I watch a couple of football games and do the "sleep" thing and look - the thread goes crazy. Cool.

Good stuffs in here.
[quote name='"Scottie"']And, how do they determine trustworthiness of the sources? Are we back to PR ratings?[/quote]
Topic sensitive PR
could do it for the sectors for which topics that are defined. LocalRank
could play into it as well - though obviously the search would have to be made to generate the "term/localRank relationship". Google is also tracking clicks from time to time nowadays. Many speculate that this is going to give sites that get lots of traffic a boost in the ranks. I don't think so (well, it will, sort of). Those clicks (if the user doesn't go back to the same set of SERPs and click something else again) help to determine satisfaction. If I don't go back to the serps after visiting a site, I most likely got my answer, and therefore that site is a good source of information on that subject.
[quote name='"Scottie"']Heck, we've now got two pages on the web that appear to confirm that Ray Charles is love.[/quote]

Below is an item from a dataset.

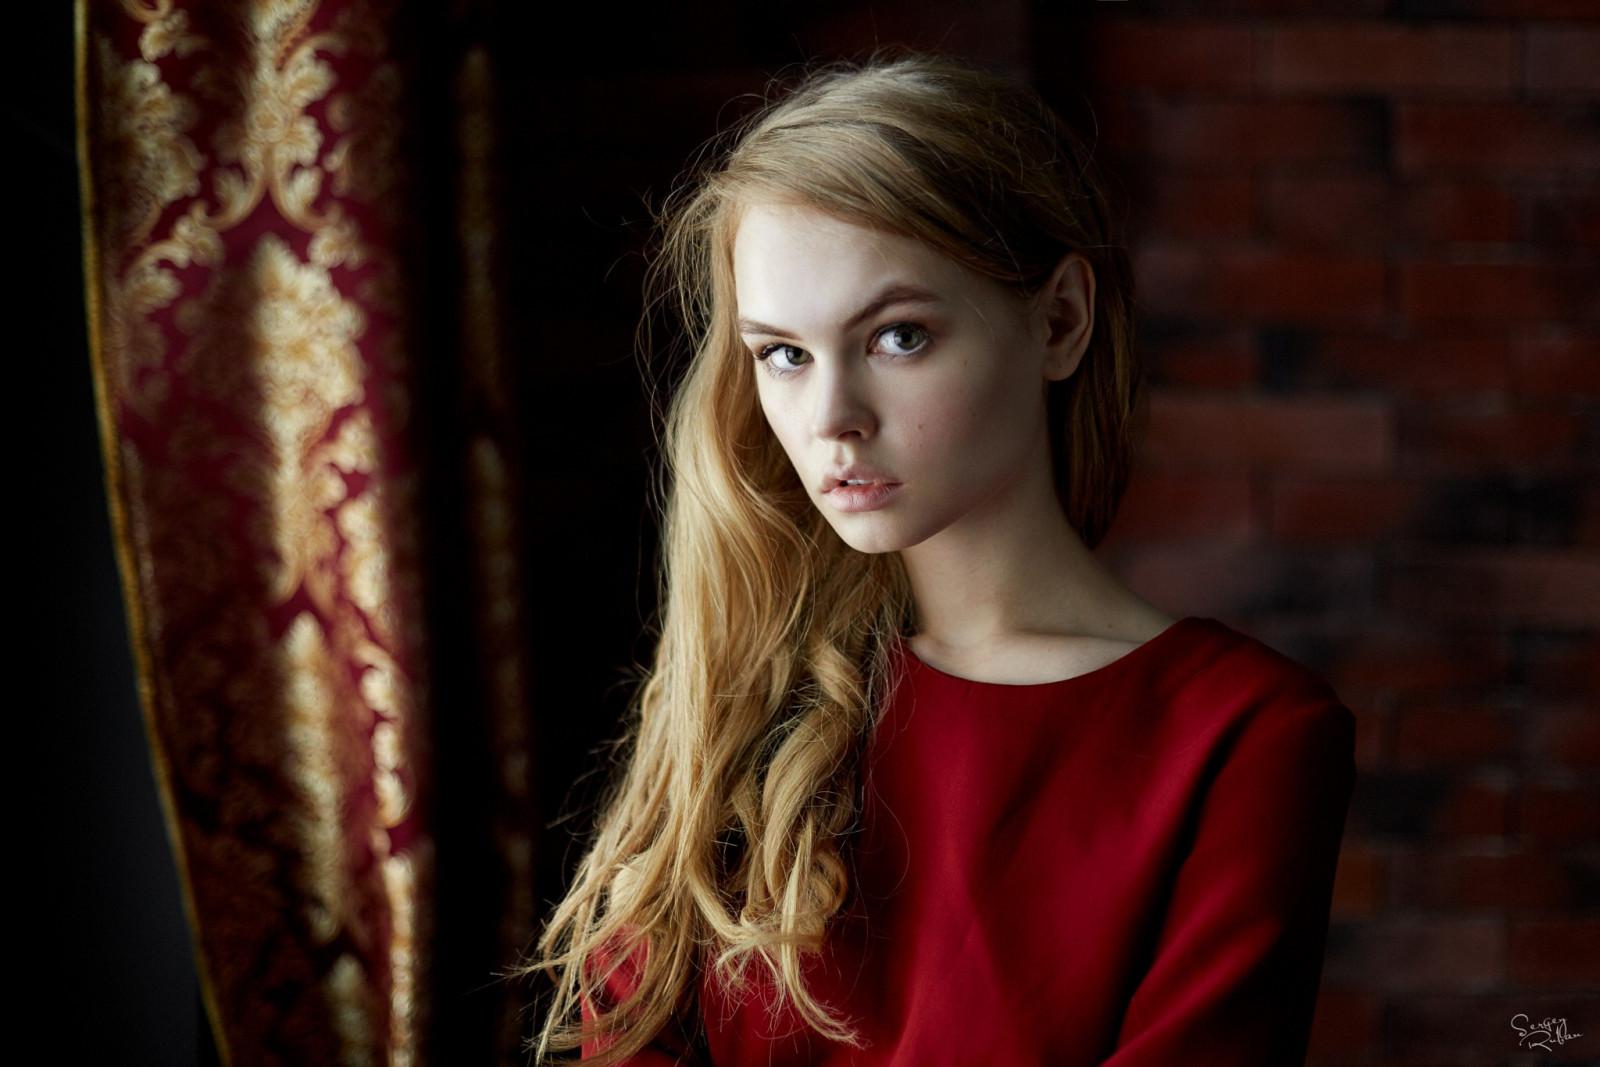 women, model, portrait, blonde, long hair, red, Anastasia Scheglova, photography, fashion, hair, Person, supermodel, girl, beauty, eye, woman, lady, hairstyle, portrait photography, photo shoot, brown hair, art model
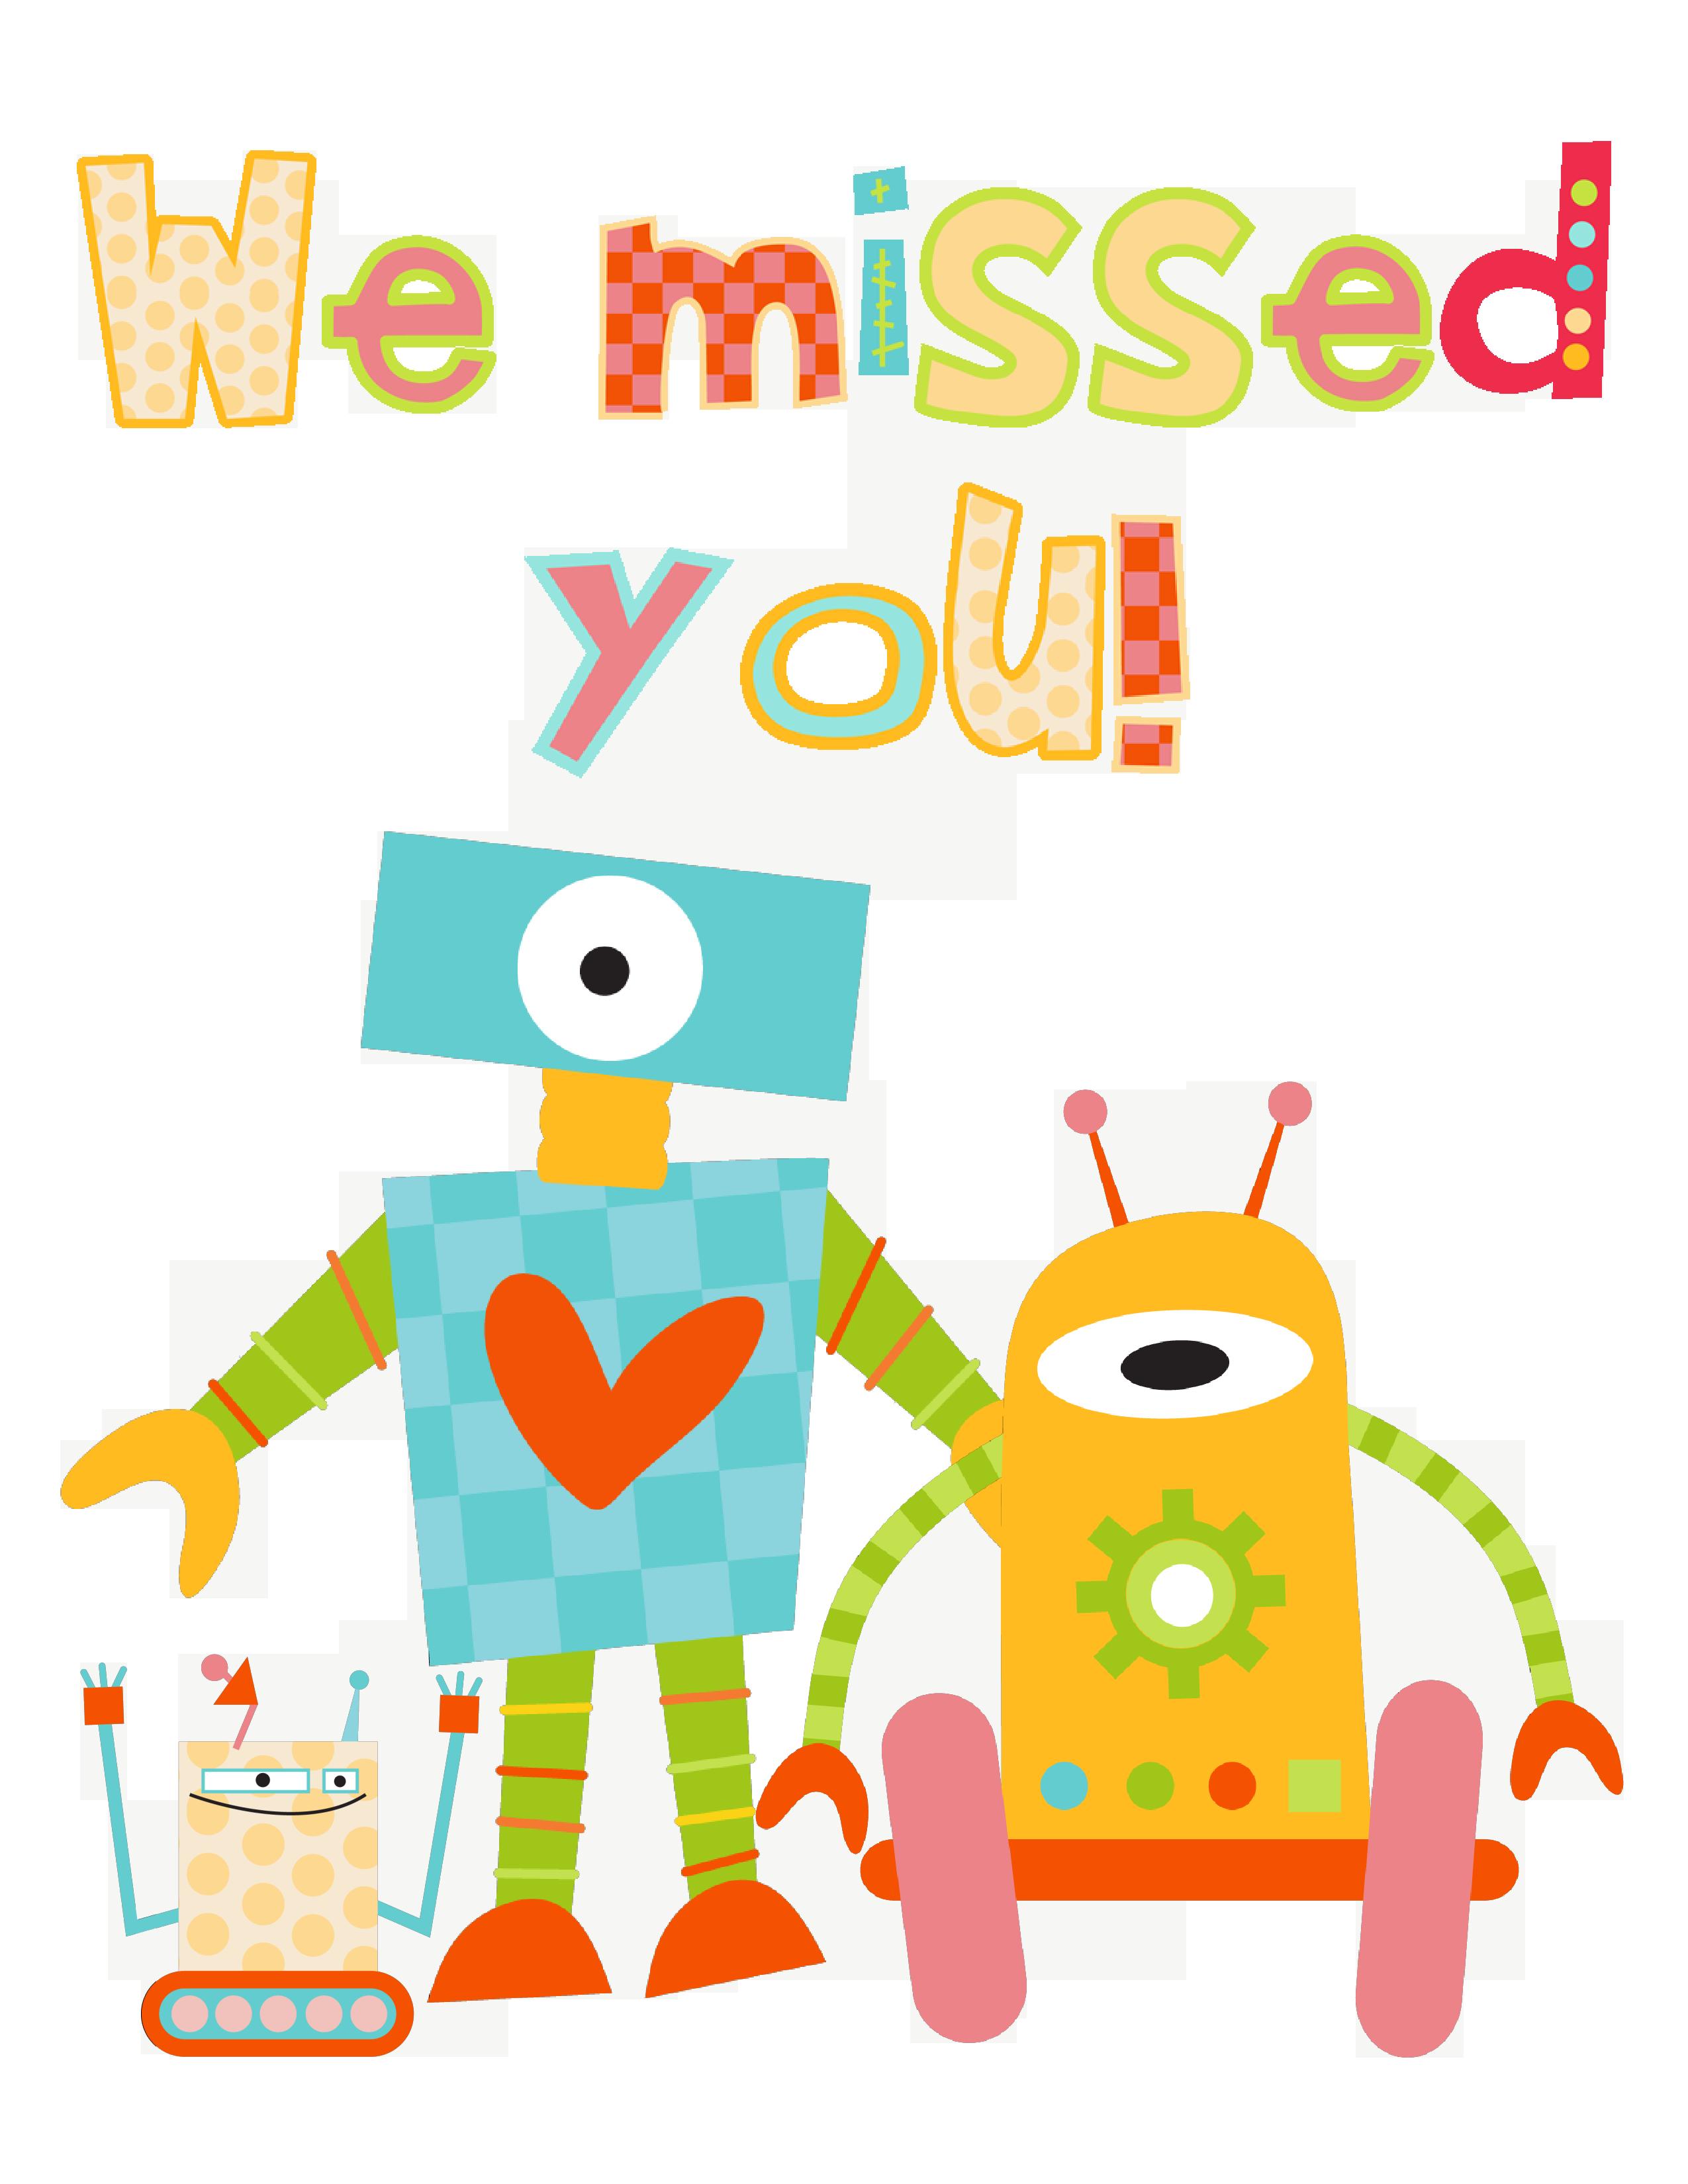 robots dibujos coloridos. Folder clipart absent work

If there are enough sites out there so that a pattern emerges, then yes, that assumption could be made. Chances are, though, that the word love is going to appear contextually before "Ray Charles" as in "I love Ray Charles' music" more often than anything else on those pages. Pages that actually have the example you gave are likely humor type sites and there will be no other mention of Ray Charles, so you're not going to get the confirming numbers needed.
The comparison of two documents just won't cut it. If I'm a baseball player and I play in two games and have a batting average of .400, it is a sign that I
might be a good player. If you've played in 500 games and I have an average of .300, you're definitely a good player and even though it's less than .400, chances are, smart money is going to give you the advantage when we're going head to head in a batting derby.
In the LocalRank Arena:
[quote name='"Scottie"']Standard PR is used to pull the top 1000 (or whatever number they choose) results.[/quote]
The number is likely much lower in respects to LocalRank, but that's pretty much the gist of it. 1000 is the total number of documents in the set that are ranked, but since people are only going to look at the first couple of pages (as a general rule) LocalRank is likely calculated on a smaller number to save on resources. Once you get down below 100 or 250 or whatever, the bonus you get from this won't move you close enough to the top to make it worth doing the math anyway.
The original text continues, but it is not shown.